1.2.2: Attenuation & Scattering of Electron Beams

Attenuation of electrons

Electrons are attenuated through inelastic orbital or radiative collisions. Attenuation is based on the atomic number of the material and the beam energy, and is given the amount of kinetic energy Ek lost per unit of length x.

\begin{align} (\frac{S}{\rho})_{tot}=\frac{1}{\rho}.\frac{dE_k}{dx} \end{align}

The total mass stopping power is made up of the collisional and radiative mass stopping powers:

\begin{align} (\frac{S}{\rho})_{tot}=(\frac{S}{\rho})_{col} + (\frac{S}{\rho})_{rad} \end{align}

Where $(\frac{S}{\rho})_col$ is the collisional mass stopping power and of great interest in radiation therapy. This value is the amount of energy transferred to a material per unit length, and can determine the dose received if multiplied by the electron fluence.

Collisional Stopping Power

Importantly, electrons are more likely to undergo collisional interactions at lower energies and within low atomic number materials.

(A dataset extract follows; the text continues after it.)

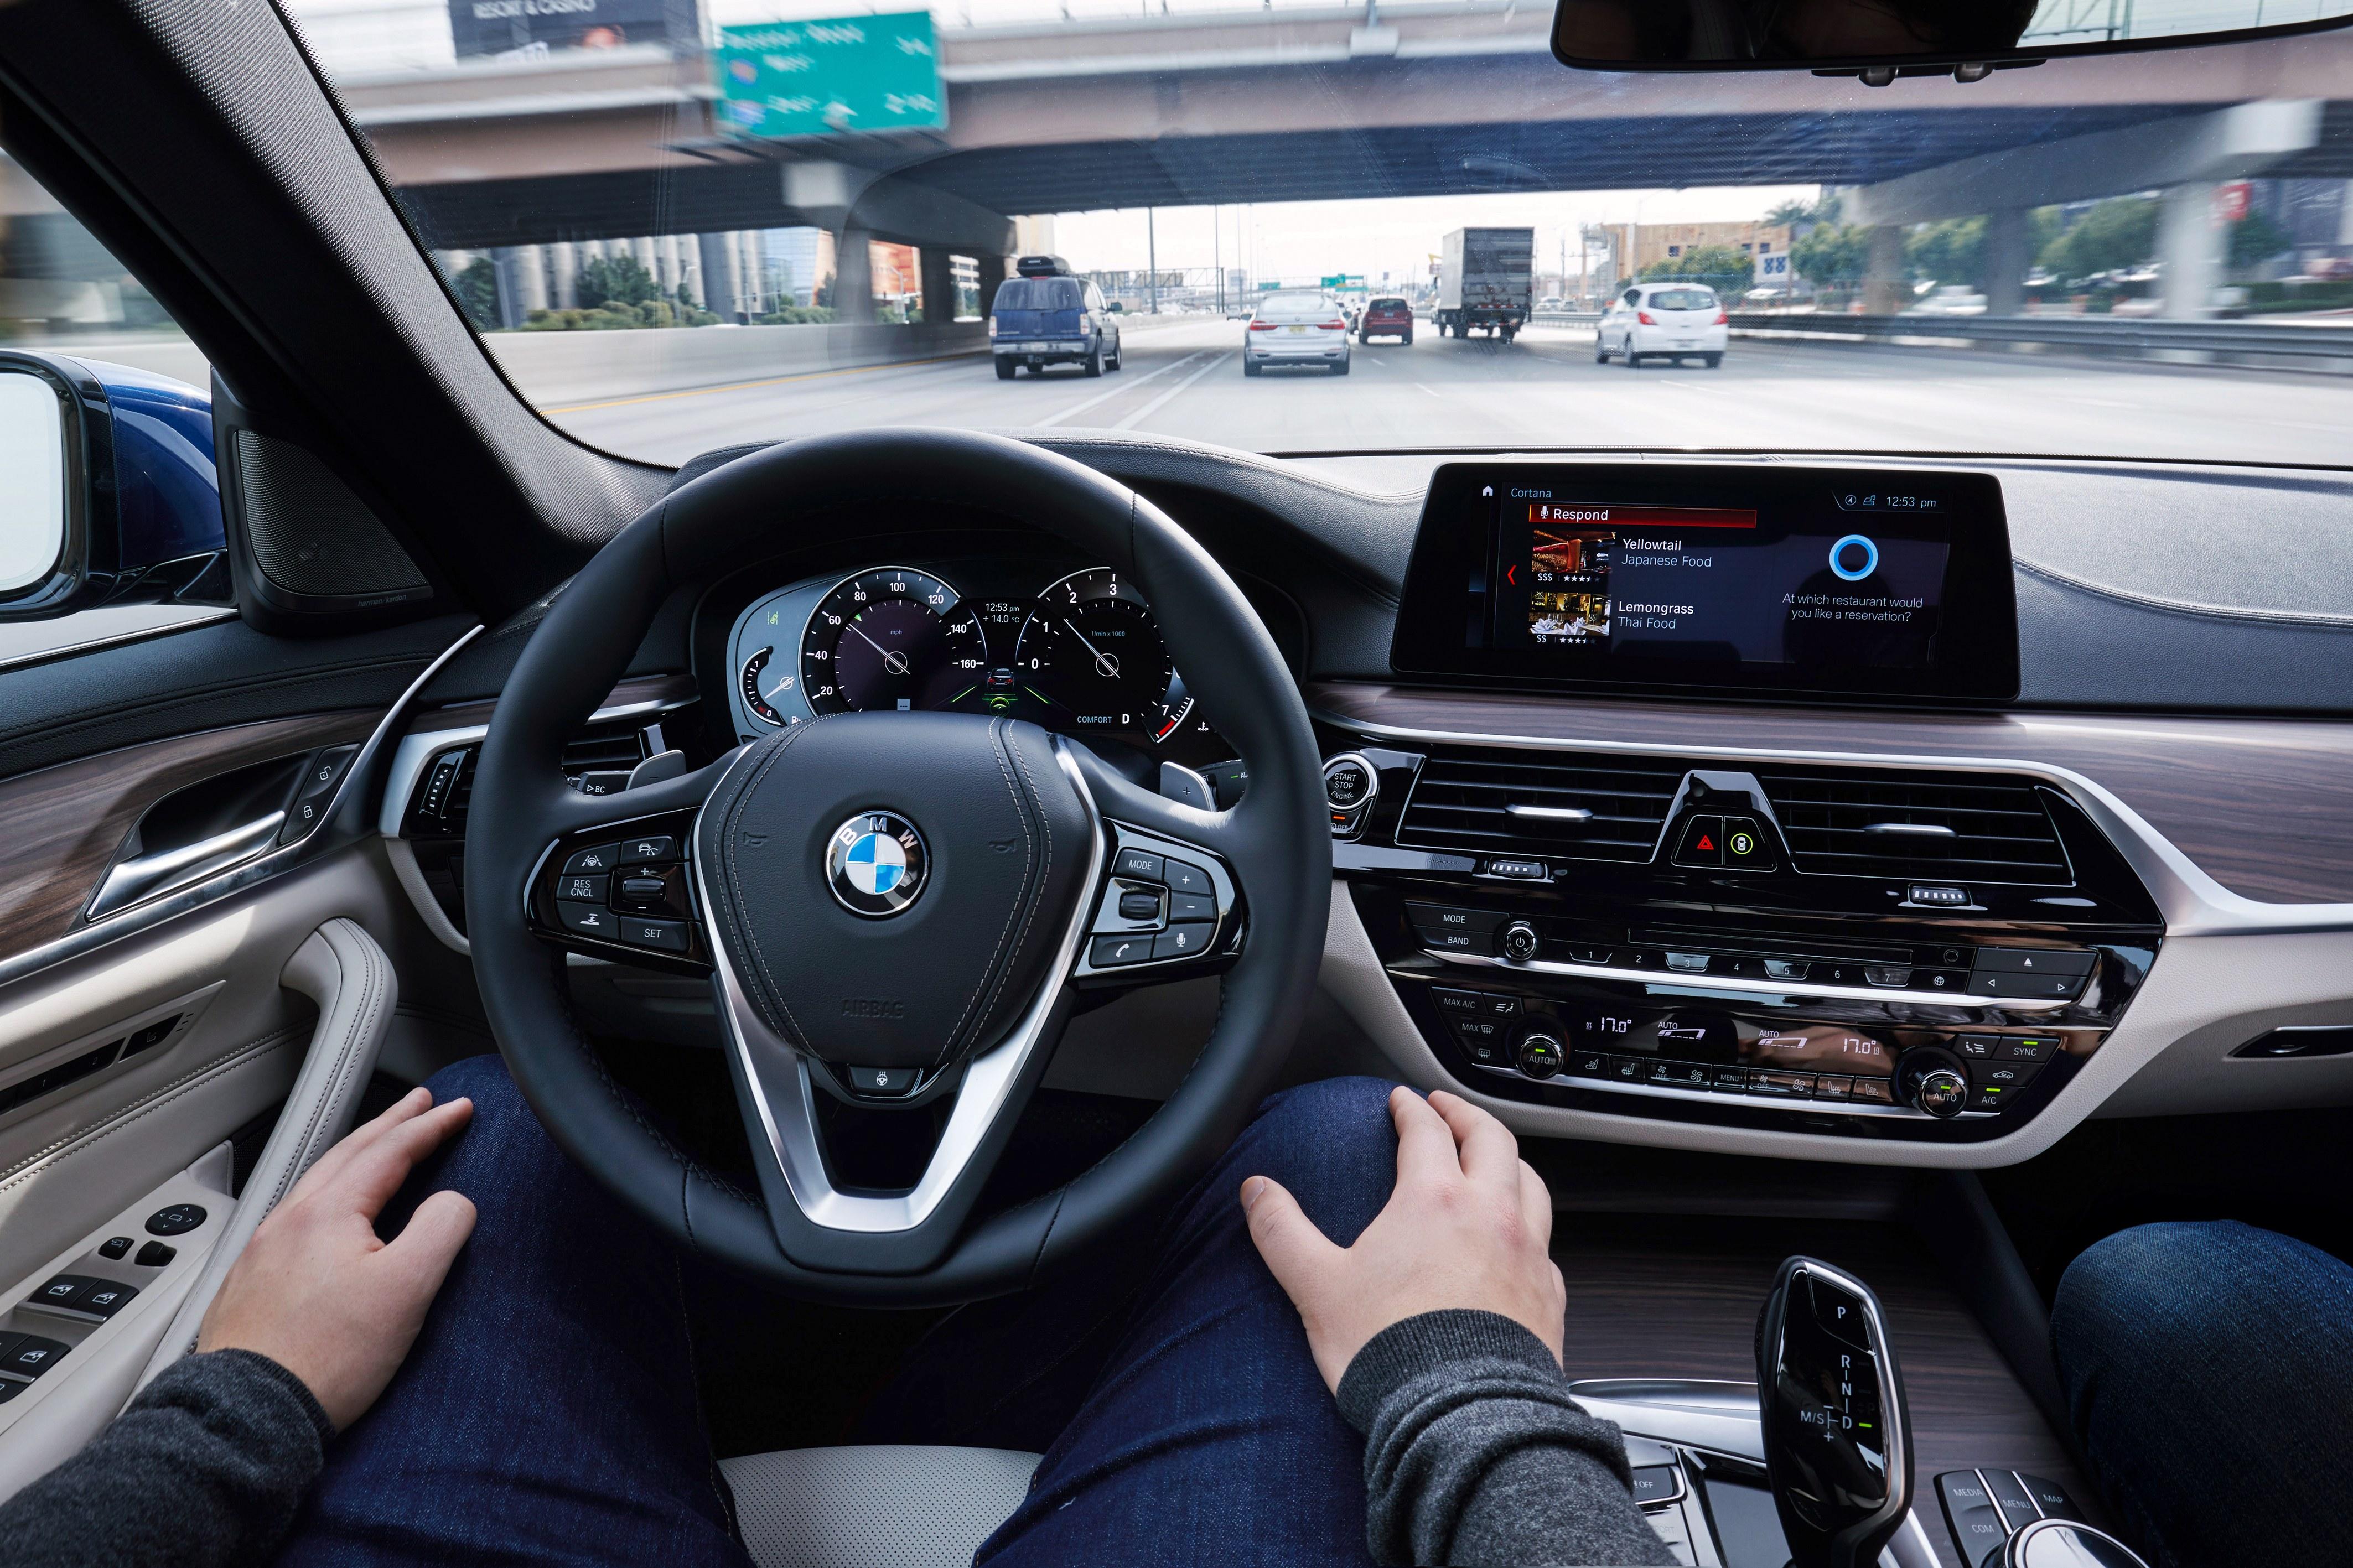 BMW autonomous vehicles coming in 2021 - Photos

This is due to the increased number of electrons per gram in low Z material and the increased binding energy of electrons in high Z atoms.

Radiative Stopping Power

Radiative losses increase as electron energy climbs above 1 MeV, and is also higher for high Z material - in general, radiative interactions are proportional to the beam energy and also proportional to the square of the atomic number. Therefore high Z materials and high electron energies will effectively produce bremsstrahlung radiation (explaining the tungsten target in the linear accelerator).

Scattering of electrons

Electrons are scattered as they pass through a medium, mostly through elastic 'collisions' with the nuclei of an atom. Scattering is more pronounced at lower beam energies and with higher atomic numbers.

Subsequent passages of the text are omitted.